Job consultants or Recruitment Agents can't give you an offer letter. 
You must secure a skilled job from a registered NZ employer which may well be dealt with through a Recruitment Agent.
The only way you are gonna be able to claim the bonus points is if you secure a job this way and submit the proof to Immigration at the appropriate time when you have received ITA.

Yes it is true the majority of employers prefer candidates to already be in NZ with the visa to be able to work.

In my experience I did manage to secure a job in NZ whilst still in the UK, but I was already a Resident Visa holder, already had one way flights booked, already had the shipping container booked so although I wasn't in NZ already I was more appealing to the recruiting companies than someone without a visa or even in the process of applying for a visa.

Regards,


----------



## AustraliaDreams (Sep 29, 2012)

hi escapedtonz ,

Thank you so much for writing in detail.
However, I was told of another option : visiting australia with a visa that let you work for 2 yrs to get on job training. Something like internship.

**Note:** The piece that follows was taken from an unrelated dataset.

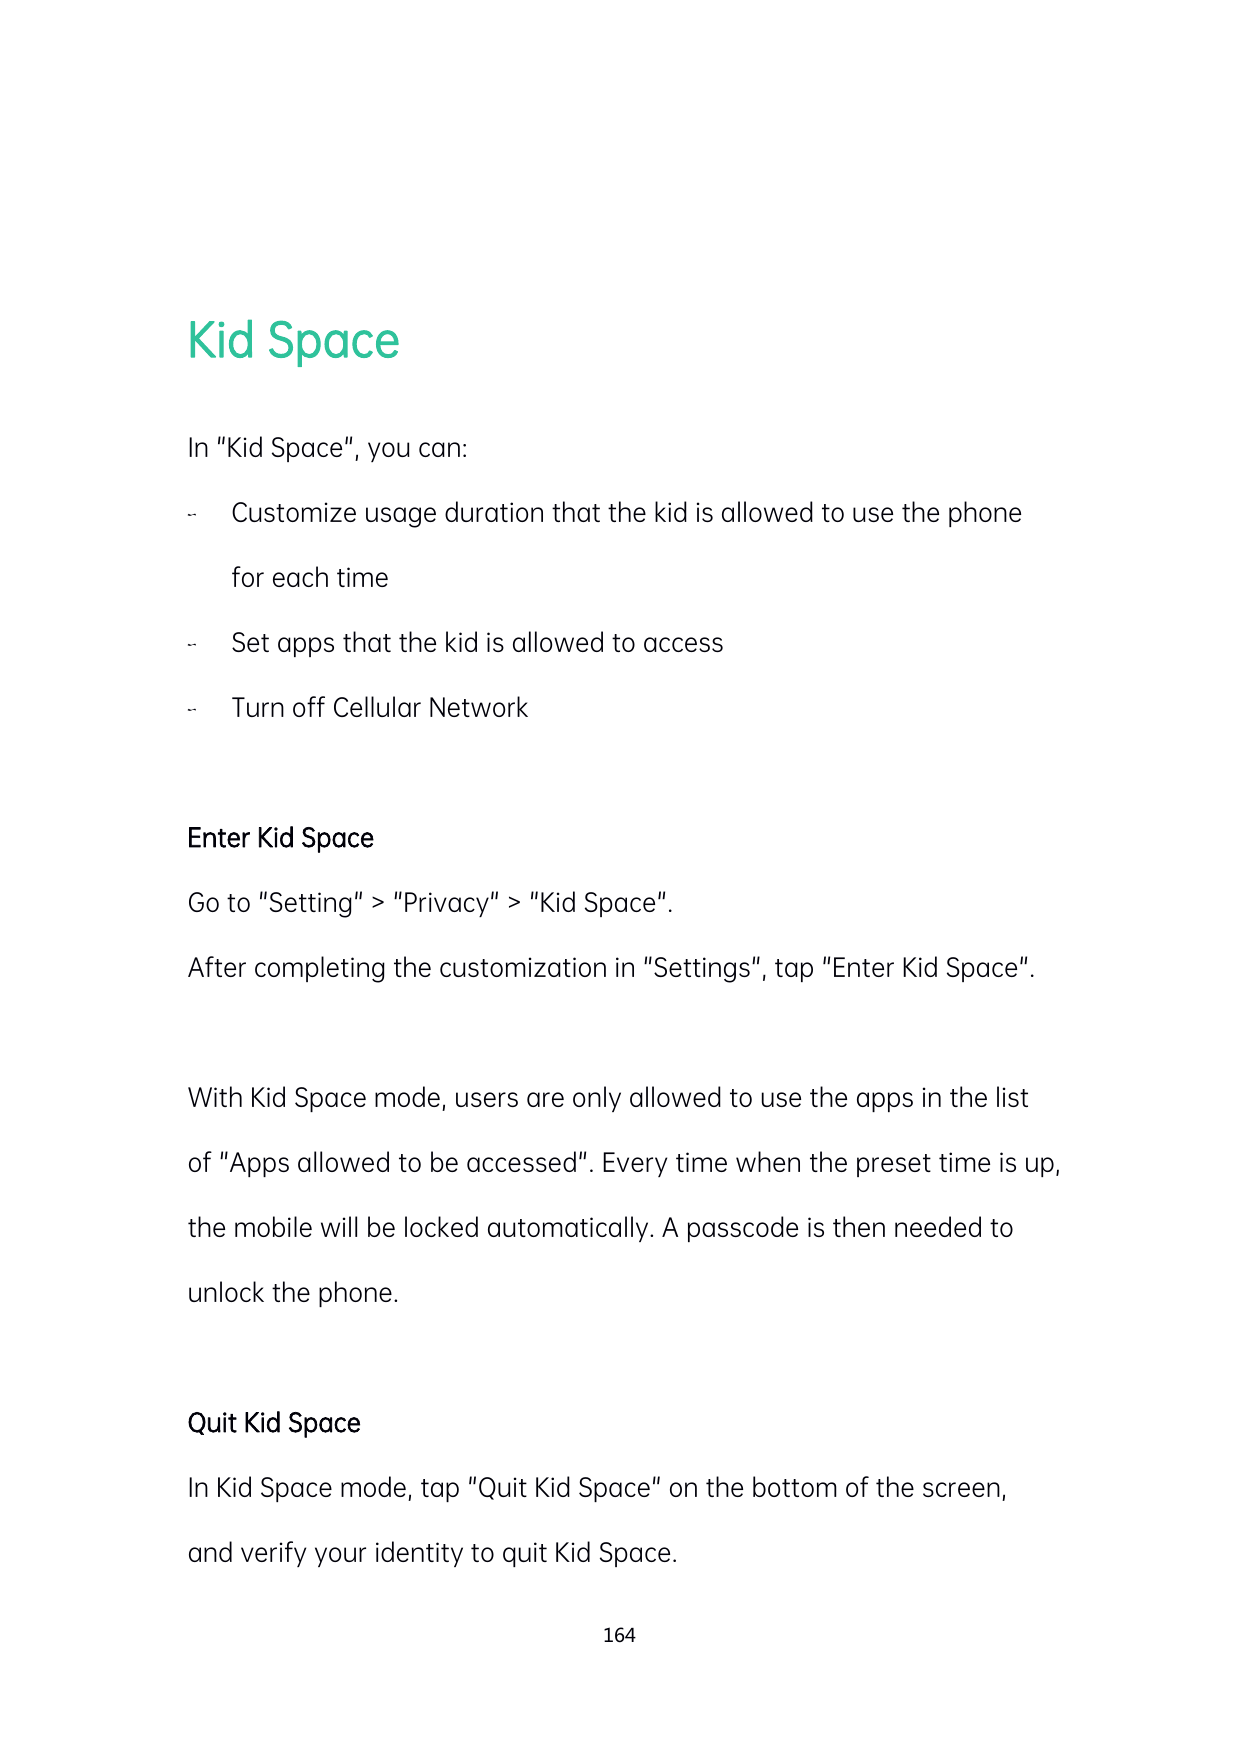 Kid SpaceIn "Kid Space", you can:Customize usage duration that the kid is allowed to use the phonefor each timeSet apps that t

I found this Temporary Graduate Visa
Temporary Graduate Visa (Subclass 485)

It says --Post-Study Work stream – for international students who graduate with an eligible qualification. This stream is only available to students who applied for and were granted their first Student visa to Australia on or after 5 November 2011. A visa in this stream can be granted for up to four years, depending on the qualification.

Can you please let me know if you have any idea on this whether studies needs to be done in australia or can be doen out side australia



escapedtonz said:


> Hi,
> 
> Well you've been told complete drivel.
> 
> ...


----------



## escapedtonz (Apr 6, 2012)

AustraliaDreams said:


> hi escapedtonz ,
> 
> Thank you so much for writing in detail.
> However, I was told of another option : visiting australia with a visa that let you work for 2 yrs to get on job training. Something like internship.
> ...


I don't know anything about Australia migration. This is the NZ forum.
You may wish to start a new thread in the Australia forum.

Regards,


----------